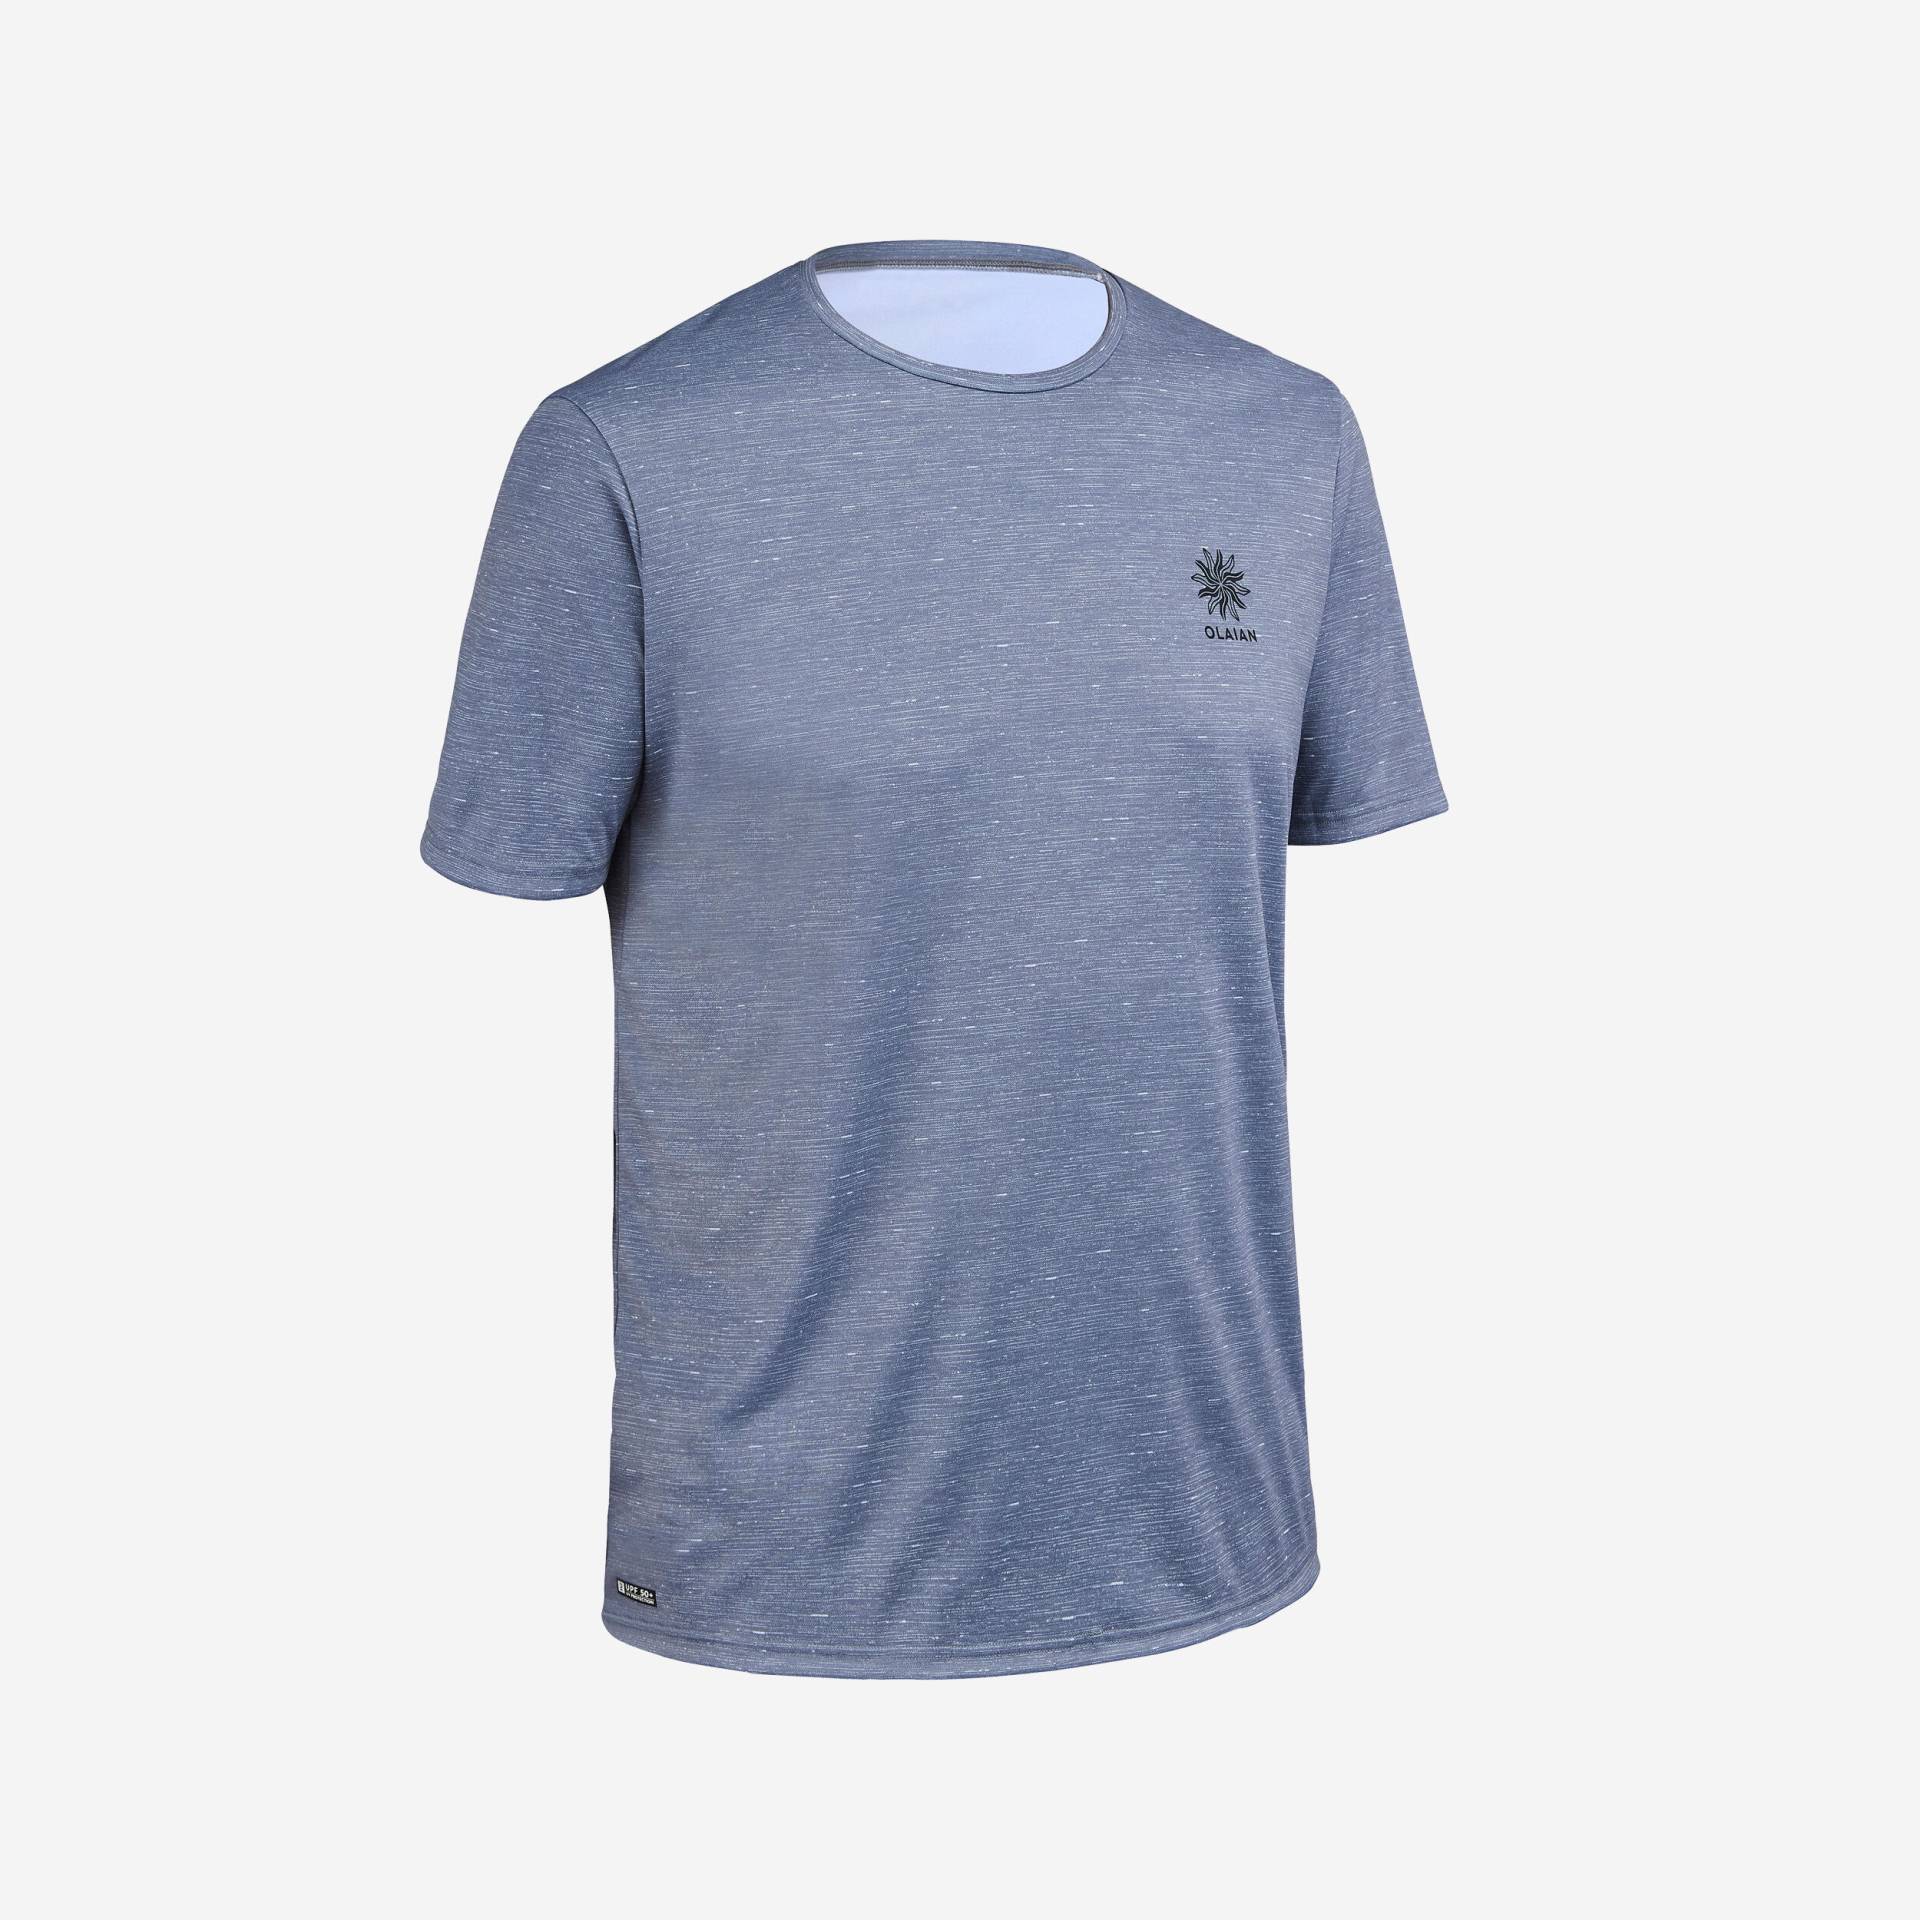 UV-Shirt Herren kurzarm - Print grau von OLAIAN
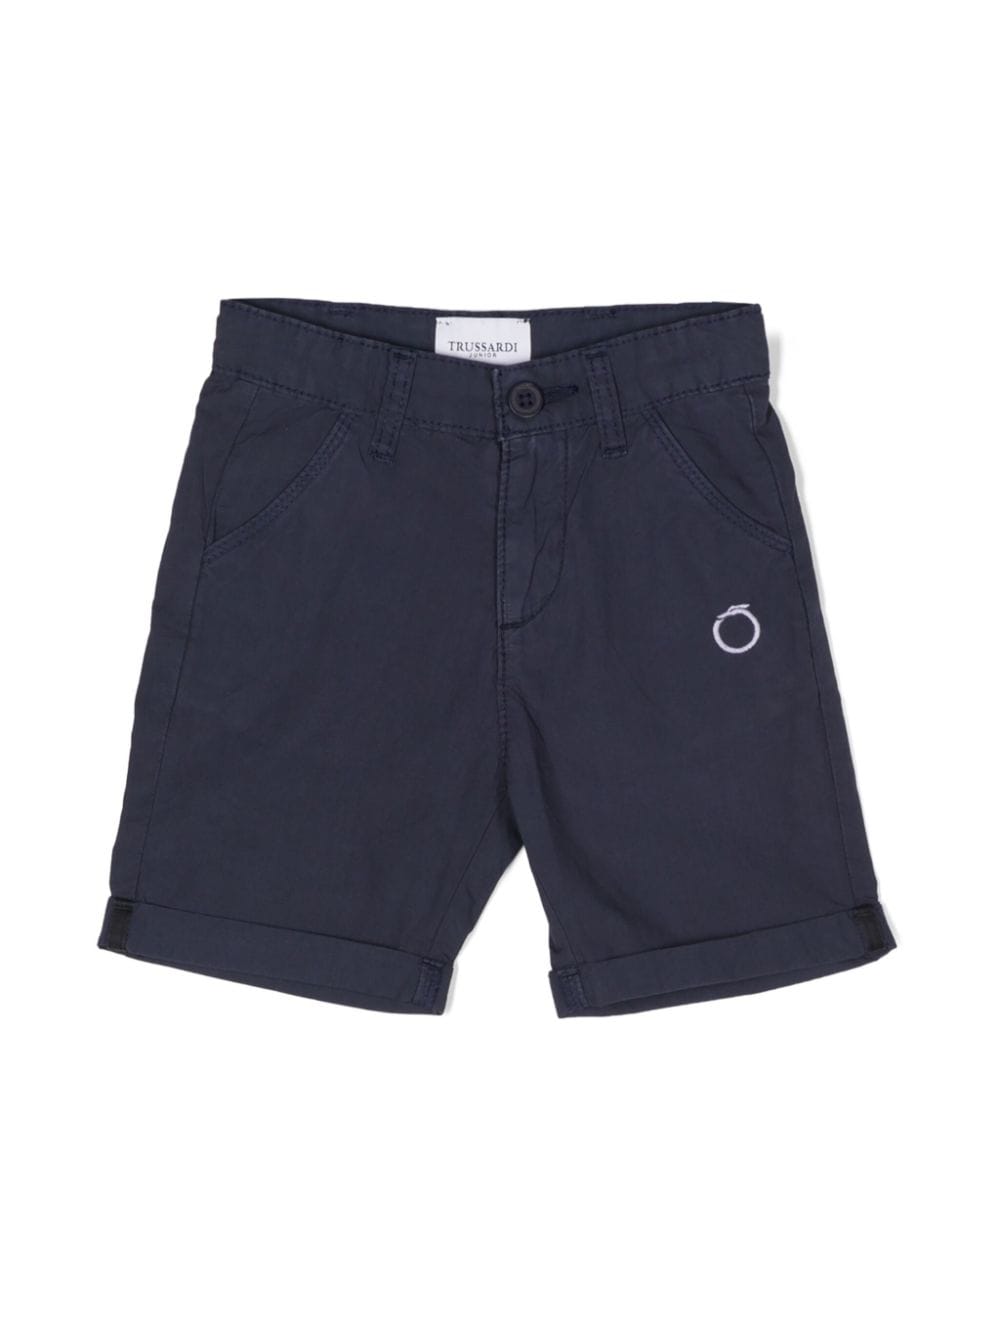 Navy blue Bermuda shorts for newborns with logo
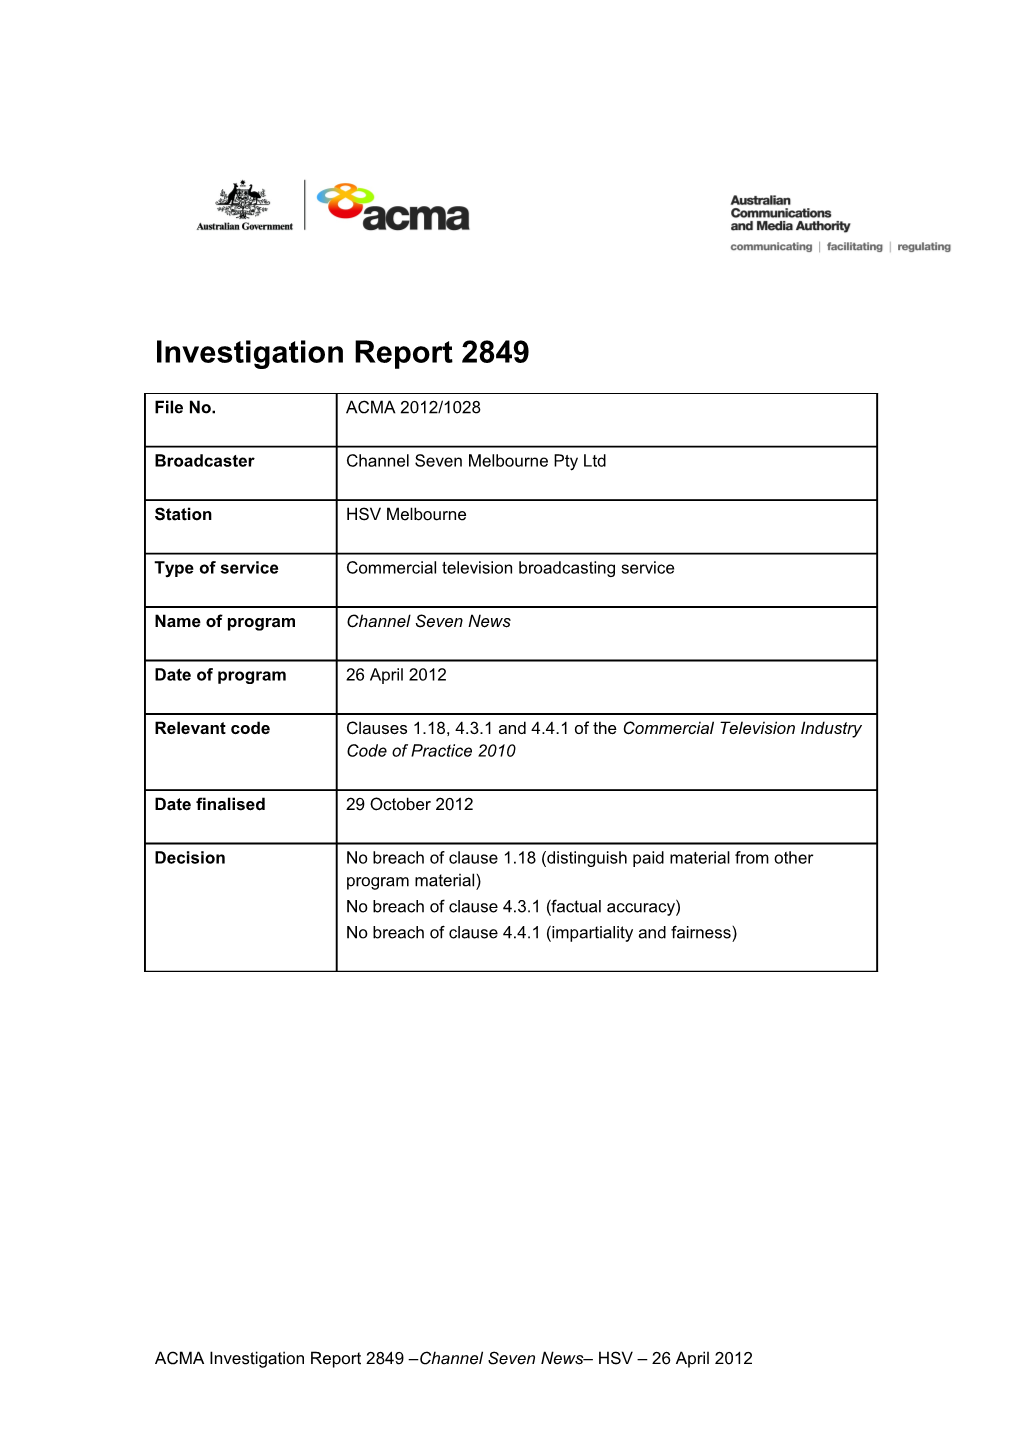 HSV7 Melbourne - ACMA Investigation Report 2849
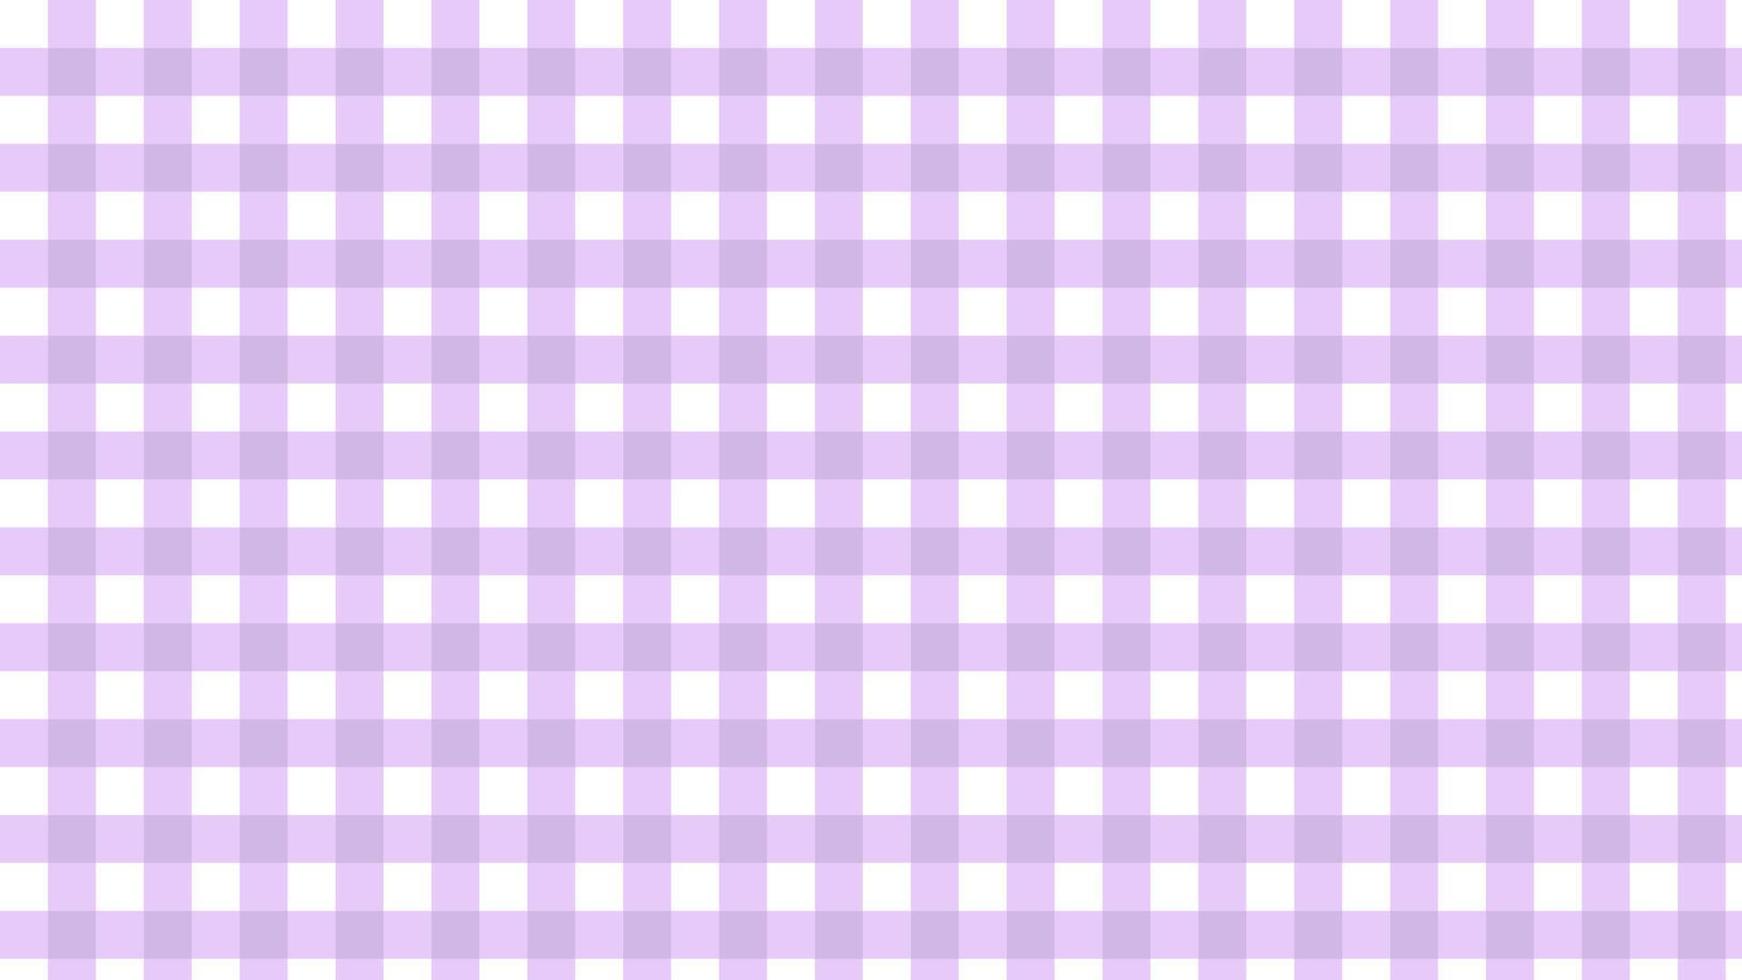 guinga púrpura violeta pastel lindo, tablero de ajedrez, cuadros, ilustración de fondo de patrón de tartán, perfecto para papel tapiz, telón de fondo, postal, fondo para su diseño vector

### What the task requires
Only the lines from the one containing "Navy blue Bermuda" to the end of the listing belong in the answer, exactly as they stand and with no pictures.

### Exercise solution
 Navy blue Bermuda shorts for newborns with logo
 HSV7 Melbourne - ACMA Investigation Report 2849
 guinga púrpura violeta pastel lindo, tablero de ajedrez, cuadros, ilustración de fondo de patrón de tartán, perfecto para papel tapiz, telón de fondo, postal, fondo para su diseño vector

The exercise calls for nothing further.